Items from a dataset
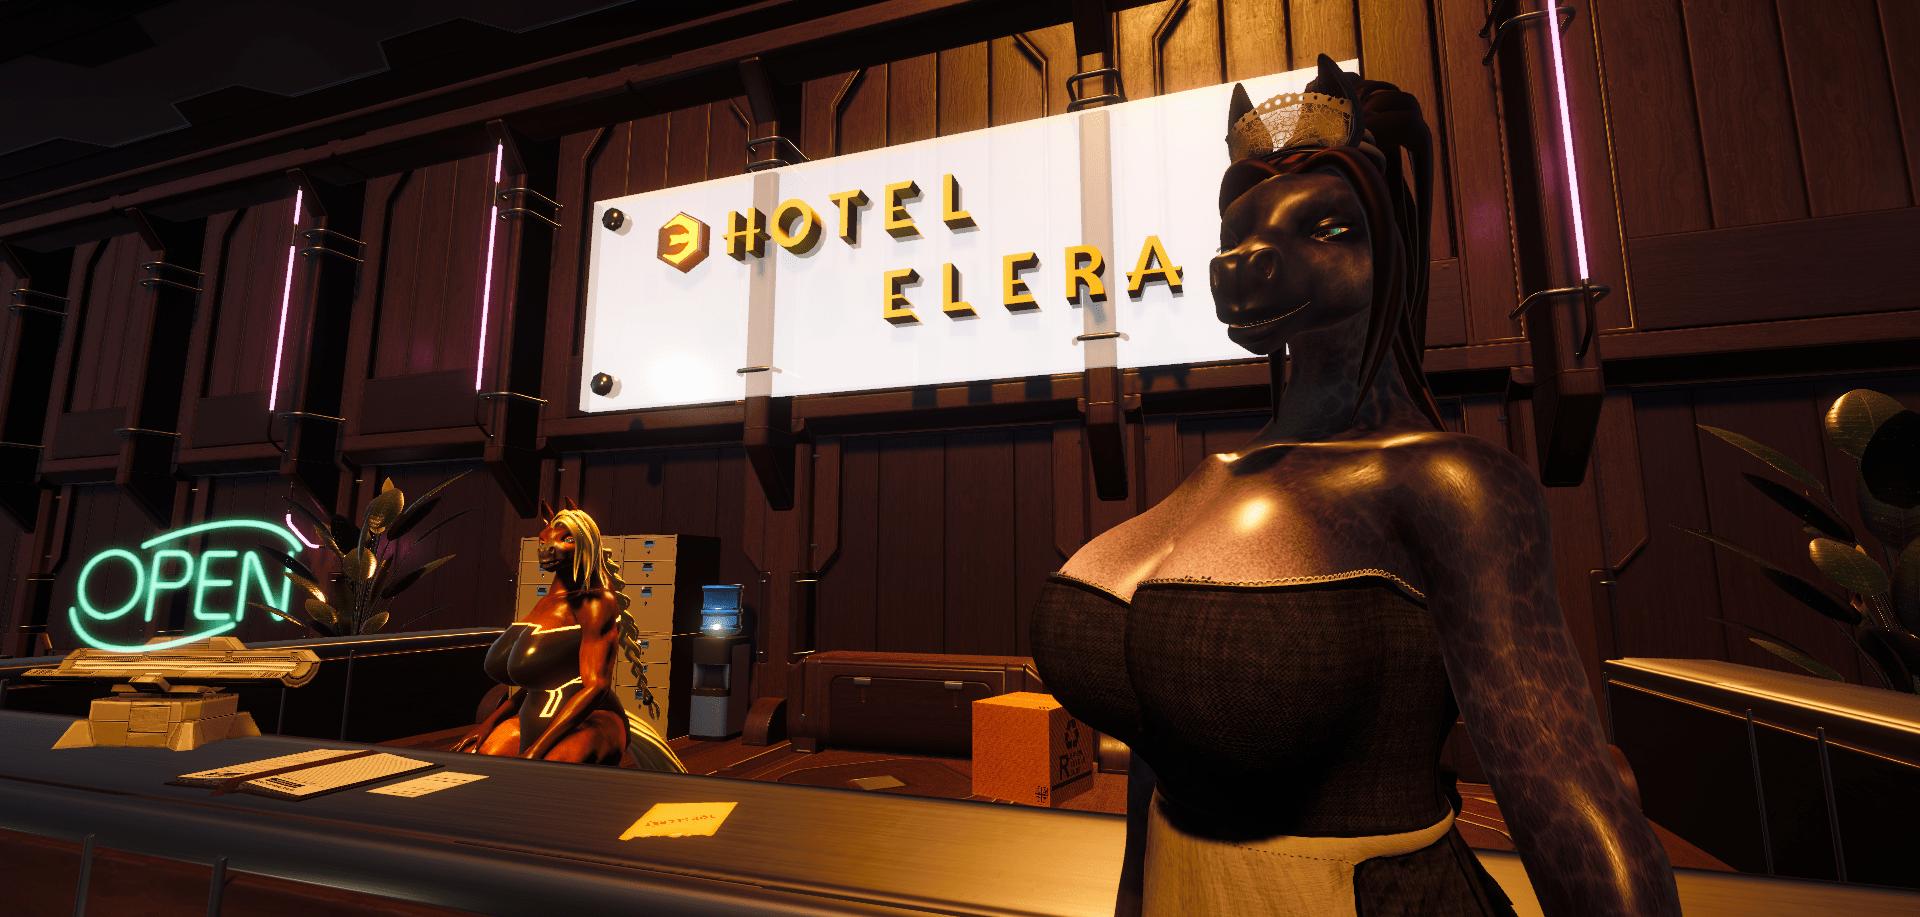 PROJECT ELERA - Hotel Elera VR Porn GamePROJECT ELERA - Hotel Elera VR Porn Game
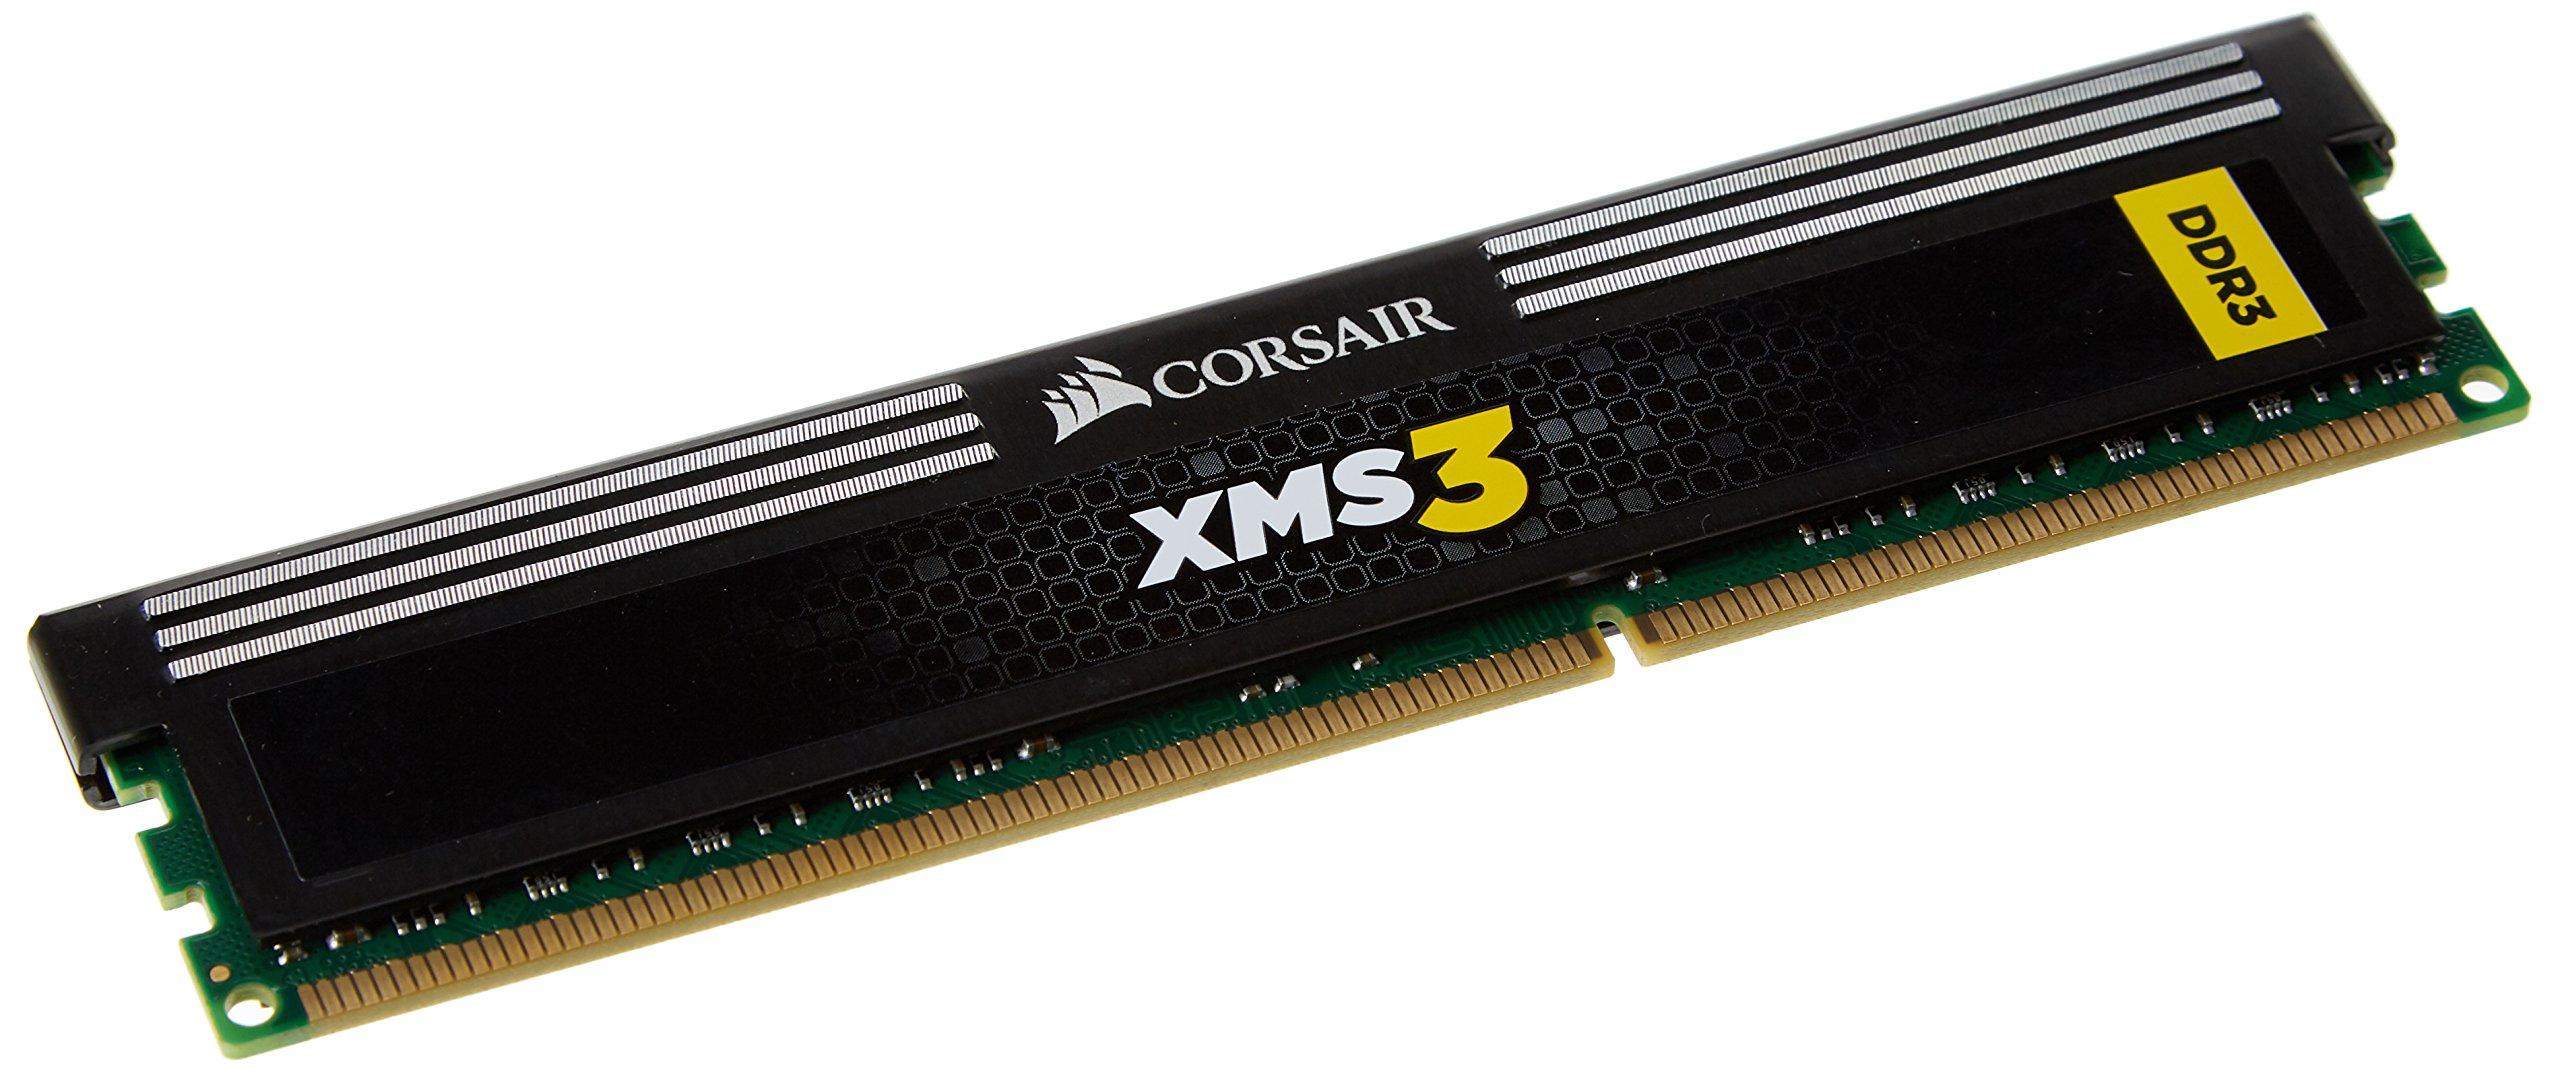 Memoria RAM 4GB Corsair CMX4GX3M1A1333C9 XMS3 1333MHz PC3-10666 240-pin DDR3 Kit para Core i3 i5 i7-1.5V
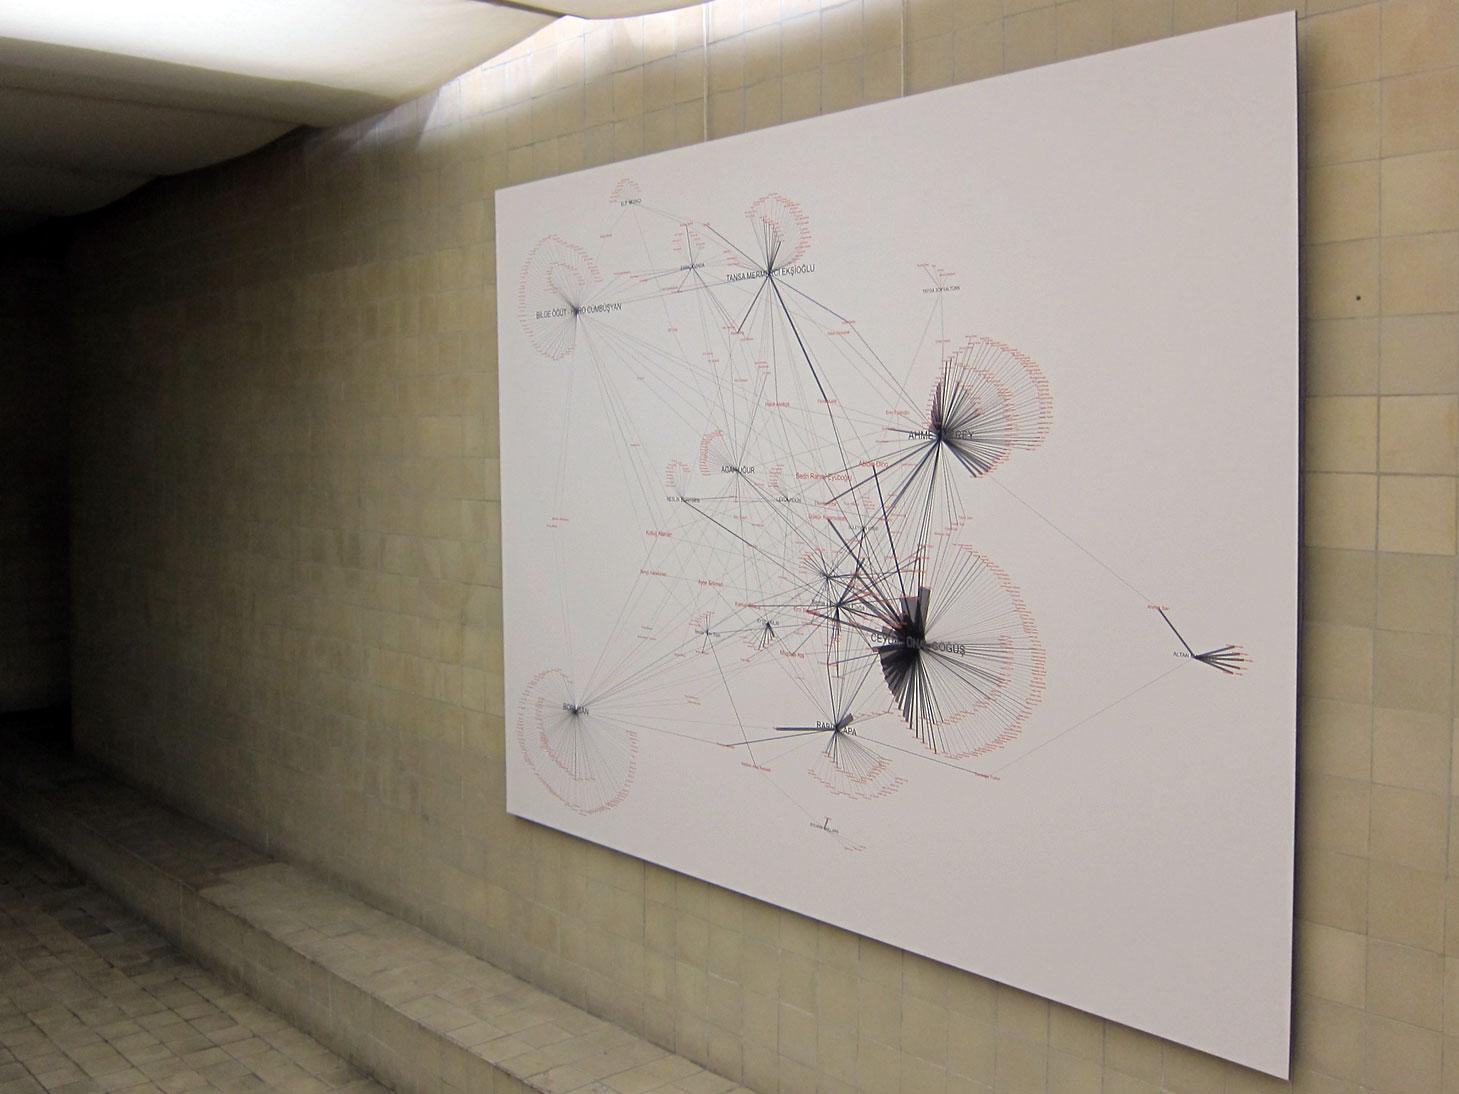 Artist Collector Network: Phase II, Maçka Sanat Galerisi, Istanbul, 2011.
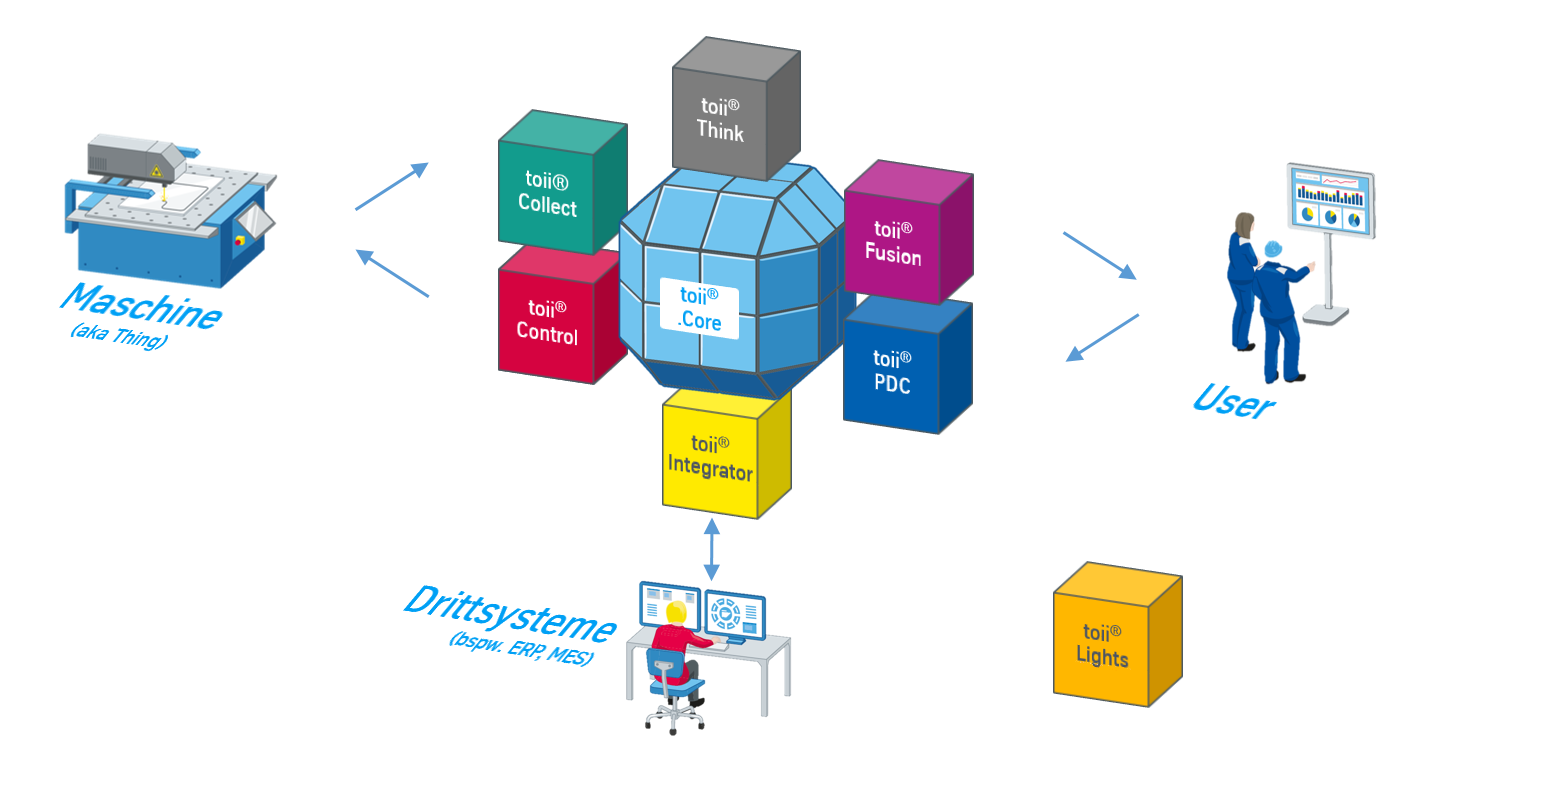 Module, toii, Drittsystem, Integration, User, PDC
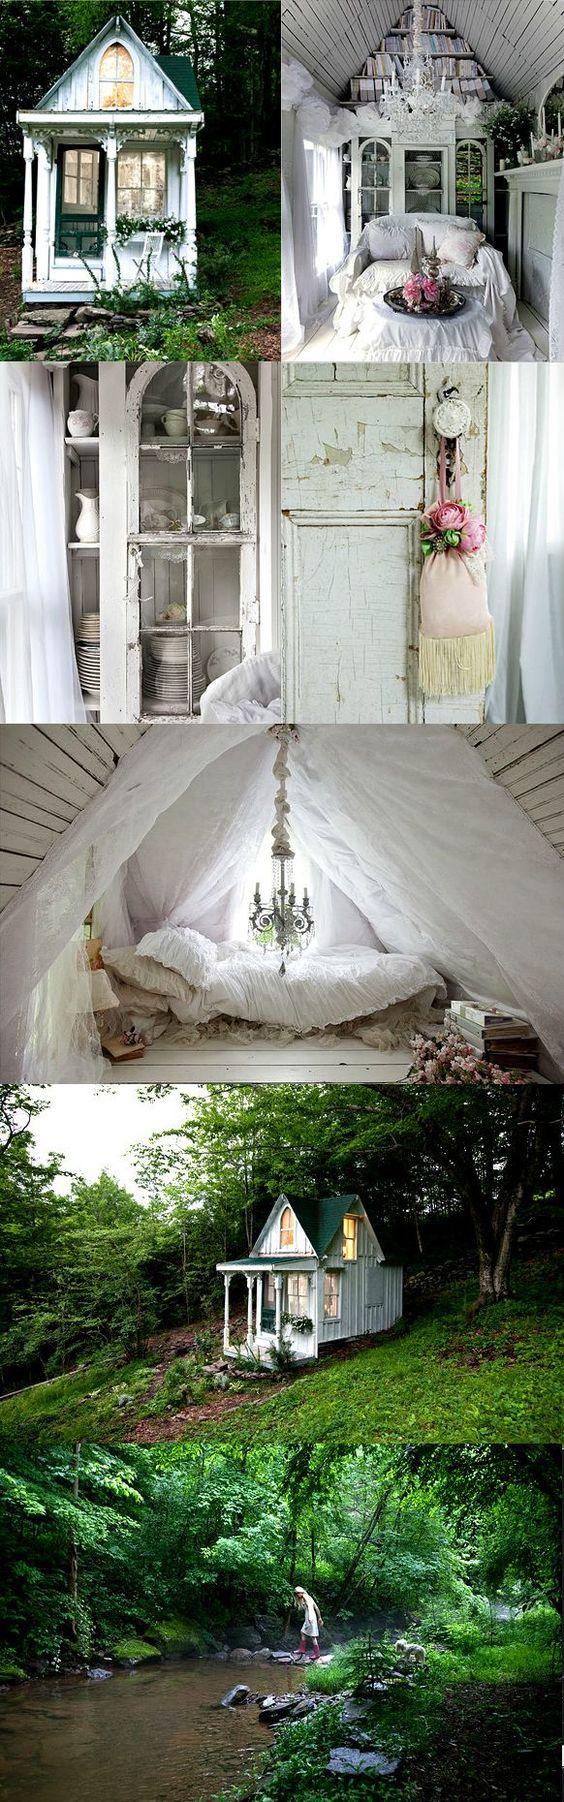 Alice in Wonderland Cottage

◆ WHAT THE EXERCISE ASKS: A verbatim copy of every entry above, with no pictures, is the expected output.

◆ RESULT FOR THIS TASK:
 PROJECT ELERA - Hotel Elera VR Porn GamePROJECT ELERA - Hotel Elera VR Porn Game
 Memoria RAM 4GB Corsair CMX4GX3M1A1333C9 XMS3 1333MHz PC3-10666 240-pin DDR3 Kit para Core i3 i5 i7-1.5V
 Artist Collector Network: Phase II, Maçka Sanat Galerisi, Istanbul, 2011.
 Module, toii, Drittsystem, Integration, User, PDC
 Alice in Wonderland Cottage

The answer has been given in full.